# Have several questions about reusable respirators (also, hello!)



## UncleGrandpa (Mar 1, 2020)

Hi, I hope this post finds you all well. I'm not sure I'd call myself a prepper but I'm a pretty methodic person and a huge germaphobe so I've been doing my best to prepare for a huge epidemic. Hopefully this won't come to pass in the Americas but one has to be ready for the worst. 

Anyway, I'm planning to move to a more rural area than I am in right now and have a few dozen disposable n95 masks for the family. And my dad has a reusable 3m mask that he used for fumigating once (I bought it for him) and several spare filters. So I was wondering if reusable masks can be used during an epidemic. 

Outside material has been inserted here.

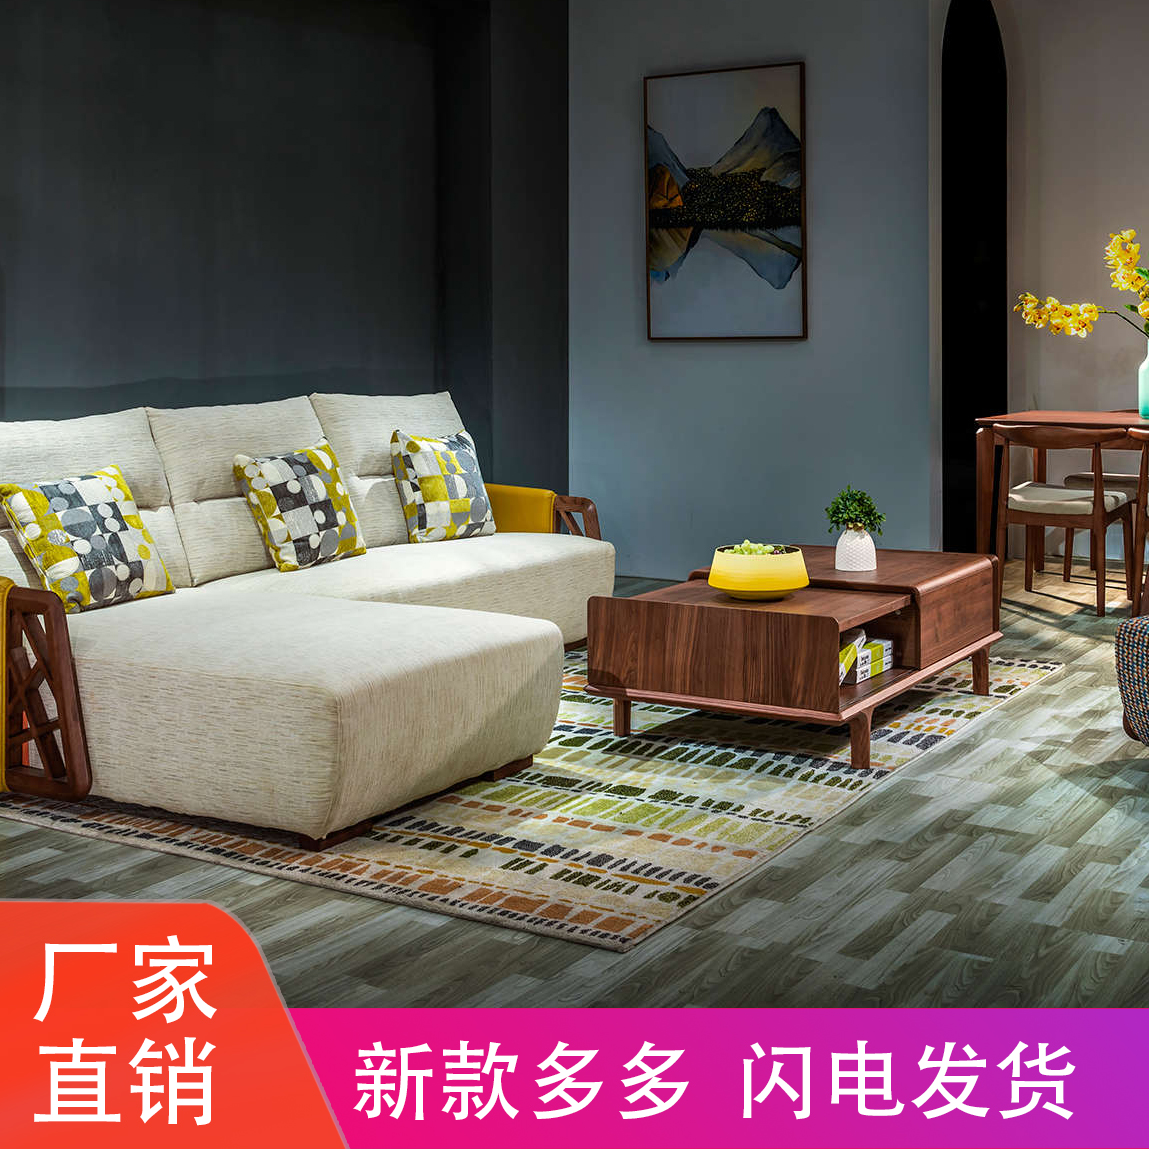 白蜡木沙发转角储物实木布艺沙发组合现代新中式客厅全套家具

The reason I'm asking is the disposable ones you can just throw away after each use. Say you go to buy food supplies, you come back home and throw it in the trash. But with the reusable ones, you need to wash them each time you get home from the outdoors, don't you? And what about the cartridges, since they're usually longer lasting, about 40 hours continuous use on them, are we supposed to throw them out after each trip or do we place them in a bag while the facepiece is being cleaned? I'm just worried that the virus could get smared all over the cartridge if it's placed in a bag. Or maybe I'm being paranoid. 

Anyways, what is the cleaning protocol for using this more complex type of mask during an epidemic? I'm sure it's a little bit different than what we'd do if we just used the mask for painting since paint will not multiply or infect you if it's not cleaned and stored to perfection.

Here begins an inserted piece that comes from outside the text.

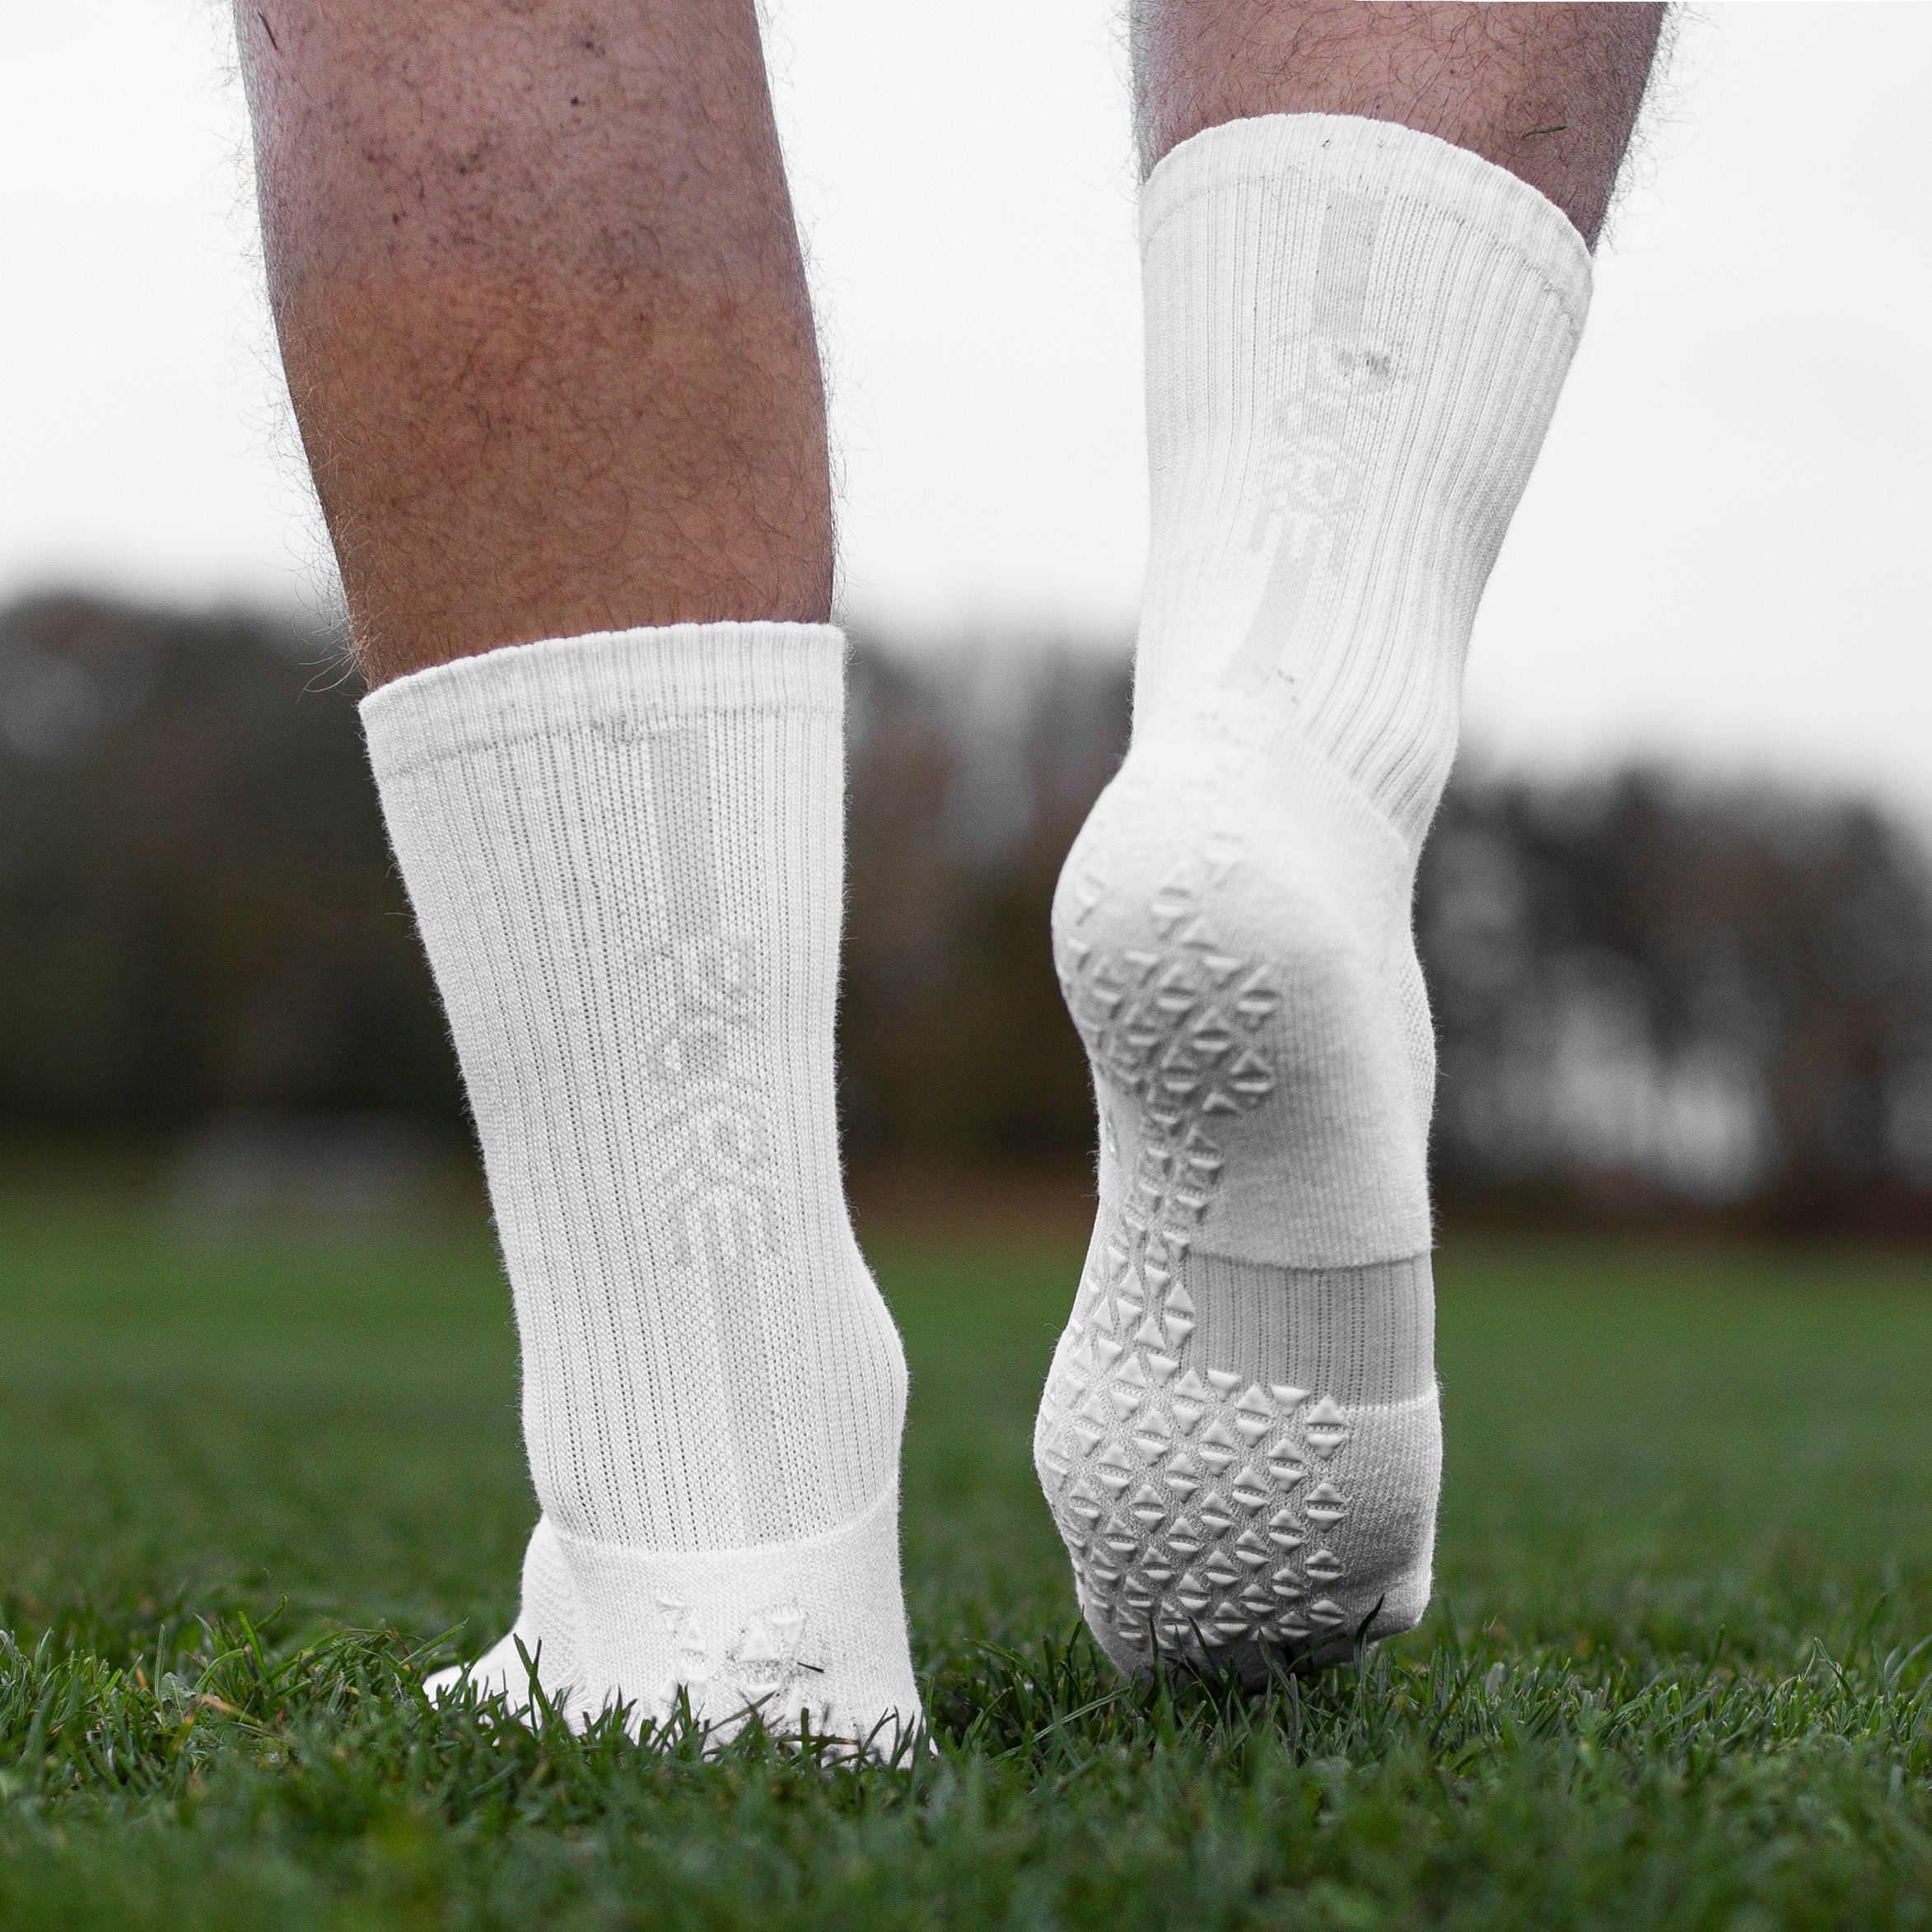 The Edge Grip Socks Football Socks-mens Football Socks Anti Slip Socks  White Football Socks Non Slip Socks For Men

Thanks so much for any advice!

Victoria


----------



## jimcosta (Jun 11, 2017)

I have no knowledge about the reusable mask.
However, in a crisis you can spray a mist of bleach sanitizer mix on the N95 mask and reuse it after it dries.

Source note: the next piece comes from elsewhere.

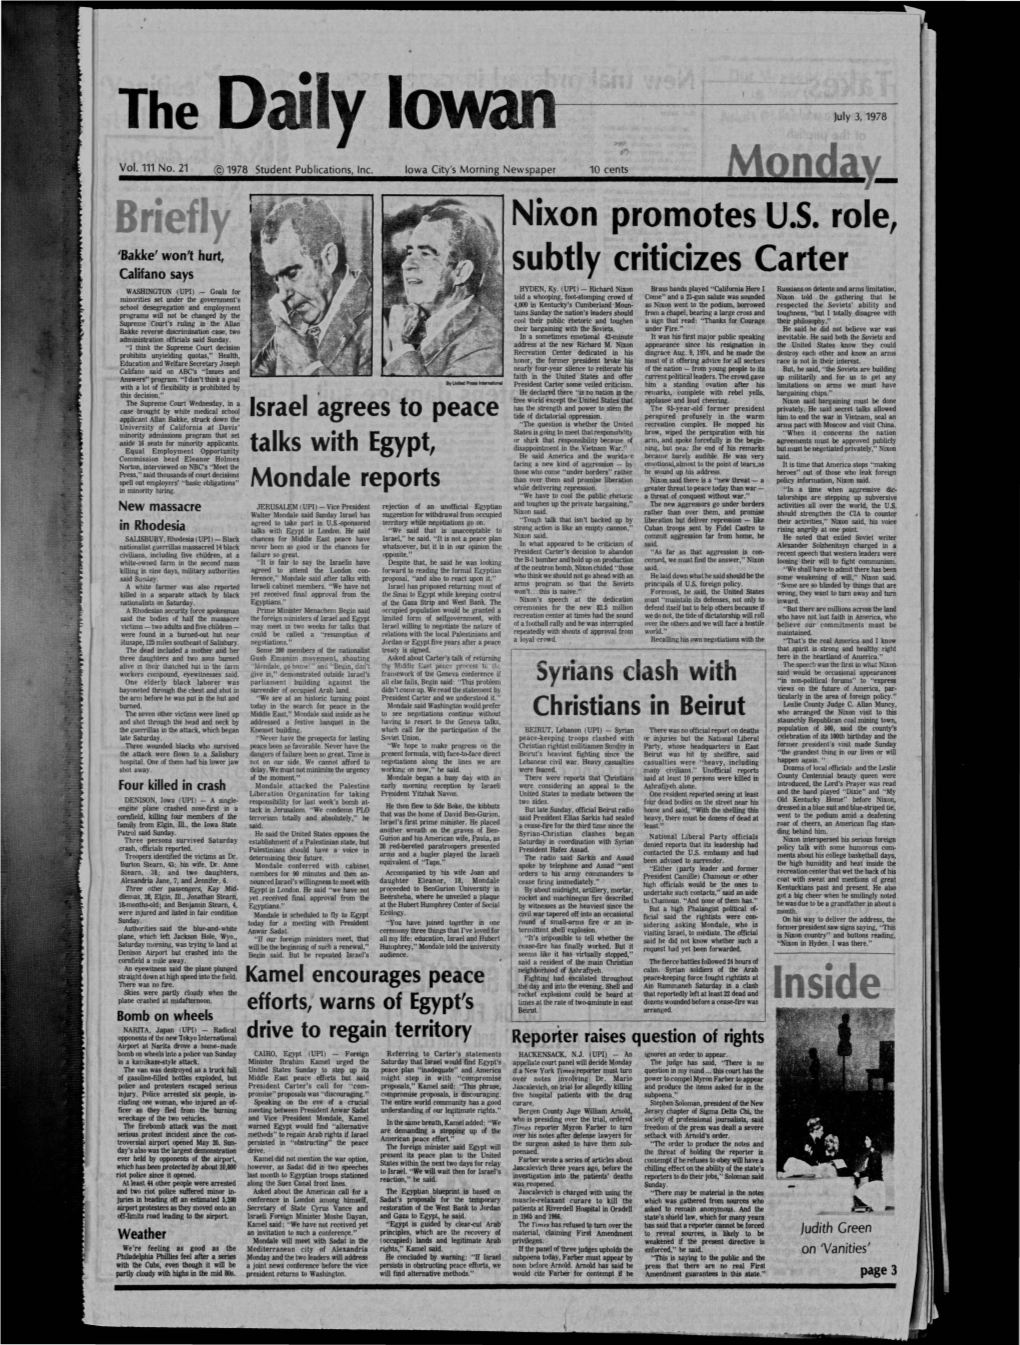 Daily Iowan (Iowa City, Iowa), 1978-07-03

*Mix Ratio:* 1 TBL spoon of bleach to a gallon of water.

I assume you can use the same mix to clean the reusable mask.


----------



## Chiefster23 (Feb 5, 2016)

Any thoughts on using a UV light to disinfect an N95 mask?


----------



## Mad Trapper (Feb 12, 2014)

Get yourself several kerchiefs and dress up like a cowboy bandit or a muslim wench.

Dump them in a bleach/water bucket when you get home, rinse, dry, reuse......


----------



## BamaDOC (Feb 5, 2020)

Chiefster23 said:


> Any thoughts on using a UV light to disinfect an N95 mask?


after you've worn one for a few hours... your own saliva coats the interior... 
it smells like bad breath....

id toss it...


----------



## Prepared One (Nov 5, 2014)

The N95 masks will only prevent you from infecting others. It will do nothing to stop a virus. Just some food for thought.


----------



## hawgrider (Oct 24, 2014)

'Seriously people - STOP BUYING MASKS!': Surgeon general says they won't protect from coronavirus



> The surgeon general has a message for people who want to run out and stockpile masks to combat the coronavirus - don't.
> 
> "Seriously people - STOP BUYING MASKS!" Surgeon General Jerome Adams tweeted. "They are NOT effective in preventing general public from catching #Coronavirus,


 https://news.yahoo.com/seriously-people-stop-buying-masks-170148731.html


----------



## Green Lilly (Nov 8, 2018)

Prepared One said:


> The N95 masks will only prevent you from infecting others. It will do nothing to stop a virus. Just some food for thought.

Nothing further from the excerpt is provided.